Ok, I just ran it, are you sure you did set.seed(1)? The graphs I get are not quite the same. I am also including the pairs plot

set.seed(1)
simulatedData <- simulateData()
fit<-stan_glmer(formula(y~logDose*sampleName+(1|block)+(0+logDose|block)),
family=binomial(link=“probit”),
data=simulatedData,
QR=TRUE,
init_r=0.1,
adapt_delta=0.999)
data<-simulatedData

yrep <- posterior_predict(fit)
ppc_stat(data$y, yrep) + ggtitle(“Overall predicted probability”)

Rplot

pred_probs <- posterior_linpred(fit, transform = TRUE)
ppc_error_binned(data$y, pred_probs[1:6, ])

Rplot02

pairs(fit,pars=c("(Intercept)",“logDose”,“sampleNameT”))

Rplot03

Ah, I’m not sure if I skipped the set.seed line by mistake, so yeah the simulated data may have been different. Even if the data were the same we would still get slightly different results since set.seed doesn’t affect the c++ rng and even specifying the seed argument when running Stan is only exactly reproducible if we have the same compiler (and more).

It could very well be the case here that the shape of the posterior is pretty sensitive to the differences in the simulated data and that a different seed could result in certain pathological reasons that don’t arise when the data is slightly different.

I will try to find some time to run it with the seed a bit later.

Thank you. I am doing simulation experiments where I am running many replicates with these and other conditions, and studying the behavior. I am getting these divergence warnings with some frequency and I am trying to figure out what to do about it.

I haven’t had a chance to run it, but one thing I forgot to mention is that your simulated data only has two different blocks and so it will likely be difficult to estimate the hierarchical variance parameters. It would not at all be surprising if the convergence problems are related to that.

Also, those Sigma values you’re using in the simulation (e.g., 0.02) mean there will be very little variation (on the logit scale, or I guess probit in this case. I usually think in terms of logit).

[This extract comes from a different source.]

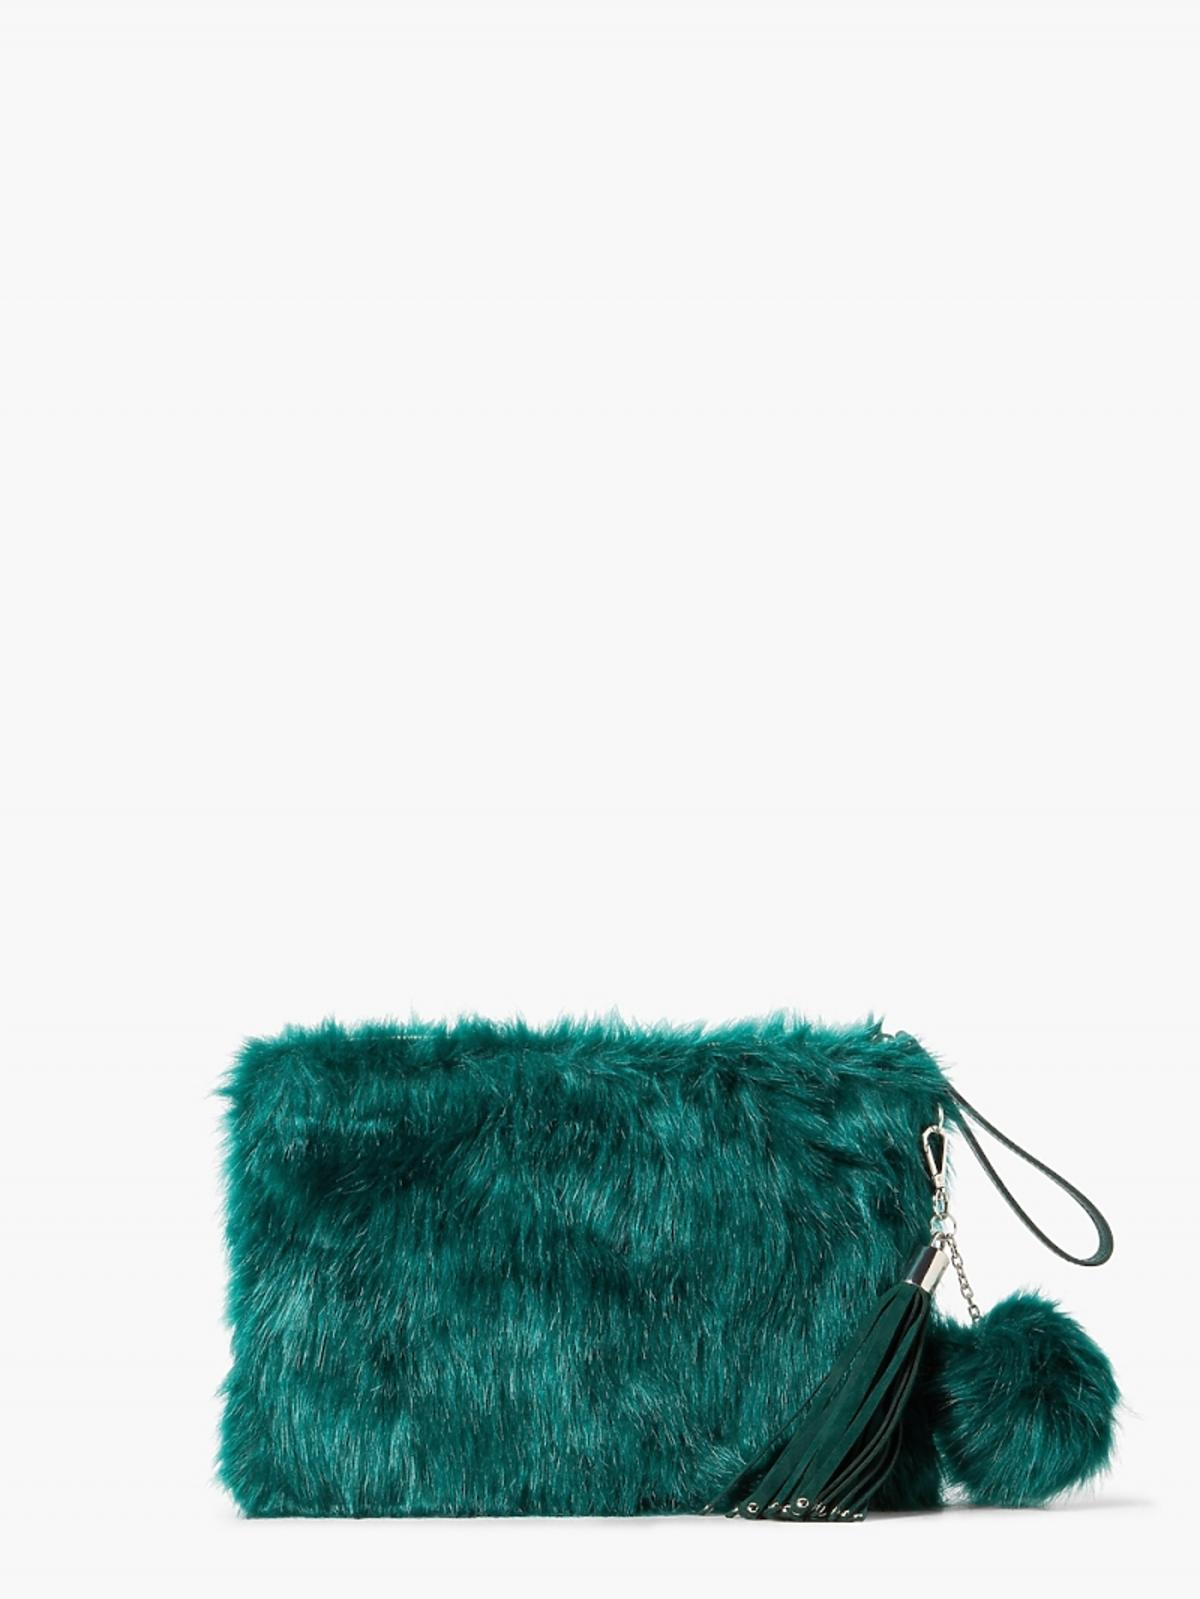 zielona futrzana torebka
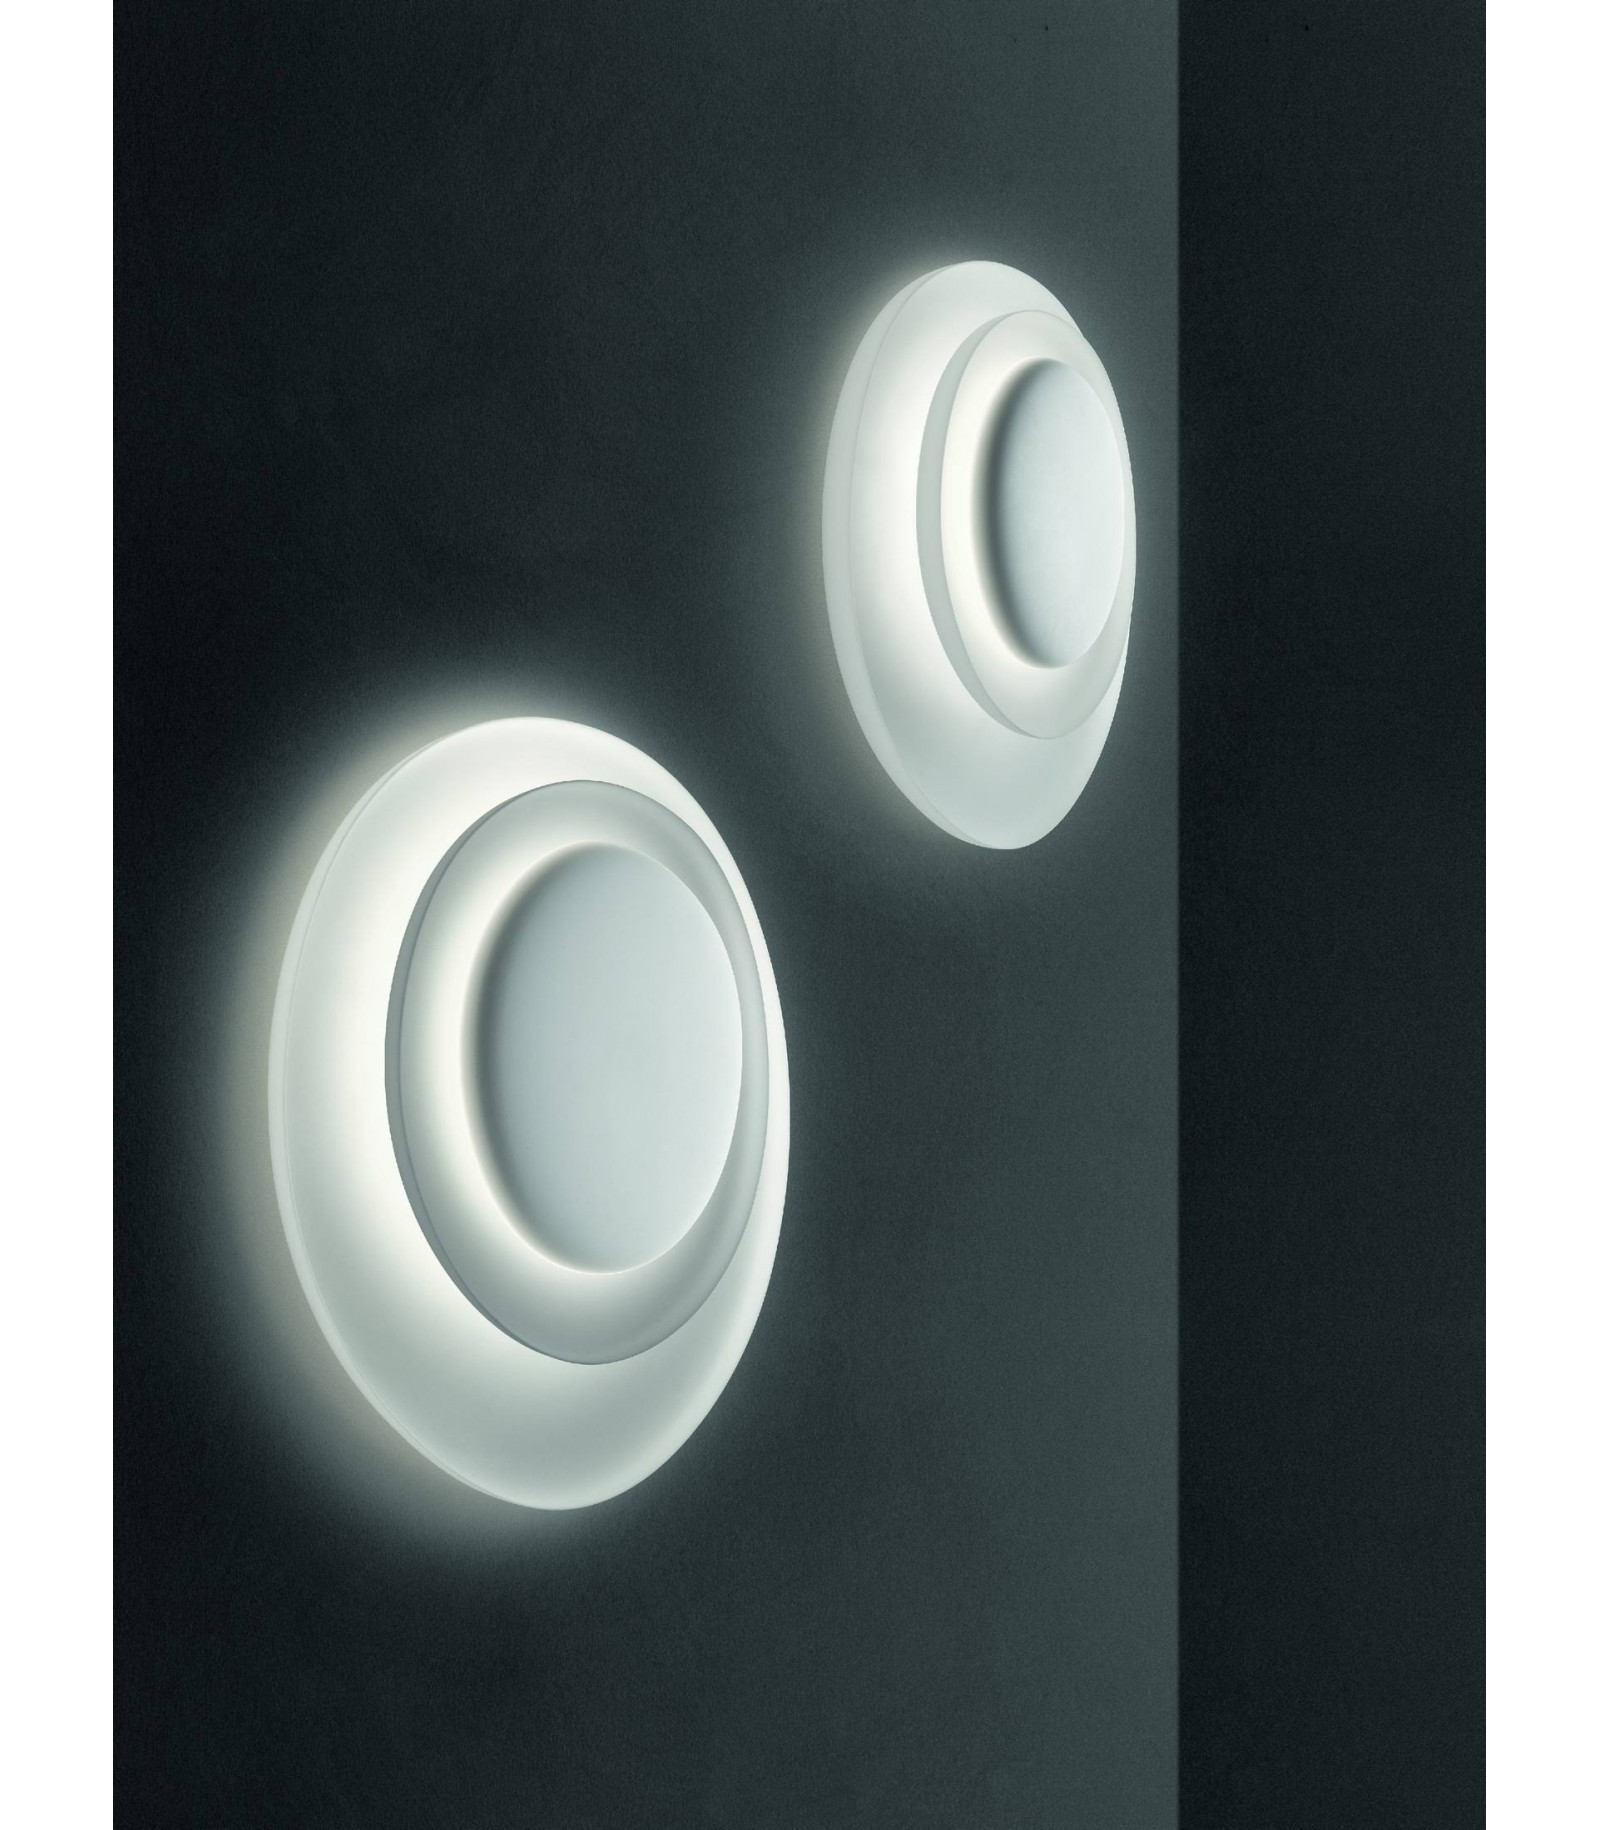 Lampada da parete foscarini bahia - Lampade a parete design ...

Dear @jonah, you are touching upon a very important point with respect to the comments on few blocks and small variation. What I am trying to do is run simulations with data generated at varying levels of blocks and variation and study the results (e.g. 2 blocks, 4 blocks, 16 blocks). At first glance, indeed it seems that the issues seem to be appearing with few blocks. I was hoping that insufficient data and tiny variation would get reflected in uncertainty at the level of wider credible intervals, or multiple modes, etc , and that I could see that and compare with situations when there are more blocks and the level of variation is higher What would it take to get convergence when there is insufficient information (for example very few blocks as you pointed out)?